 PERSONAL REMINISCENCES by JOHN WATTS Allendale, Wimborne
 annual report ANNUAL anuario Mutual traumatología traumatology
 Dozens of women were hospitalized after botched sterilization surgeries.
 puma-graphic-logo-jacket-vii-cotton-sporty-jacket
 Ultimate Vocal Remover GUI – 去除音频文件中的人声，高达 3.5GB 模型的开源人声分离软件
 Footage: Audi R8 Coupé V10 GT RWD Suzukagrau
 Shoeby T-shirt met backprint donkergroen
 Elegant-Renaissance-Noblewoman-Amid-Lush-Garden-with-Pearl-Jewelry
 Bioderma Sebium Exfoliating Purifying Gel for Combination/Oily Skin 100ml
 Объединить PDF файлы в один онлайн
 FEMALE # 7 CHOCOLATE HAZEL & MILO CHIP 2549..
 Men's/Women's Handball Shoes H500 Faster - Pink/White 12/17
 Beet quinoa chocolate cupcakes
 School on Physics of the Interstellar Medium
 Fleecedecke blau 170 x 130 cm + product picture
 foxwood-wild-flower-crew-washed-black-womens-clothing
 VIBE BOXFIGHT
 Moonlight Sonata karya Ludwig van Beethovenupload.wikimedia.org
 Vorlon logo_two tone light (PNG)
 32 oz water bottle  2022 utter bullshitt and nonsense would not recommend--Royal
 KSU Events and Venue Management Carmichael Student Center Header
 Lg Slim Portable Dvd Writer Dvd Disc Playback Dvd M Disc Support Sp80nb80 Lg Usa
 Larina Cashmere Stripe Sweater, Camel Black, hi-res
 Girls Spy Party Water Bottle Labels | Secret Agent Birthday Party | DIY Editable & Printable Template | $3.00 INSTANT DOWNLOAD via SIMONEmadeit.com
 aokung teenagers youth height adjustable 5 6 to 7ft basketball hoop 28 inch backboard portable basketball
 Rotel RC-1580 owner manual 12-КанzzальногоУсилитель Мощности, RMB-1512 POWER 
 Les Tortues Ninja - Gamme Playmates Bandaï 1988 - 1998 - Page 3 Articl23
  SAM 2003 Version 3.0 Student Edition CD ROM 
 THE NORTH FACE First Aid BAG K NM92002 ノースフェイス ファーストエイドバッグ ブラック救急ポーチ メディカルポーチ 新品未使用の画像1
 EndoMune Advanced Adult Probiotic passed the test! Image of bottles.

________________________

* The task
Retype the records above, but only those lines that fall between the line containing "Dozens of women" and the line containing "Beet quinoa chocolate cupcakes", with both of those lines included, exactly as written.

* Output for this exercise
 Dozens of women were hospitalized after botched sterilization surgeries.
 puma-graphic-logo-jacket-vii-cotton-sporty-jacket
 Ultimate Vocal Remover GUI – 去除音频文件中的人声，高达 3.5GB 模型的开源人声分离软件
 Footage: Audi R8 Coupé V10 GT RWD Suzukagrau
 Shoeby T-shirt met backprint donkergroen
 Elegant-Renaissance-Noblewoman-Amid-Lush-Garden-with-Pearl-Jewelry
 Bioderma Sebium Exfoliating Purifying Gel for Combination/Oily Skin 100ml
 Объединить PDF файлы в один онлайн
 FEMALE # 7 CHOCOLATE HAZEL & MILO CHIP 2549..
 Men's/Women's Handball Shoes H500 Faster - Pink/White 12/17
 Beet quinoa chocolate cupcakes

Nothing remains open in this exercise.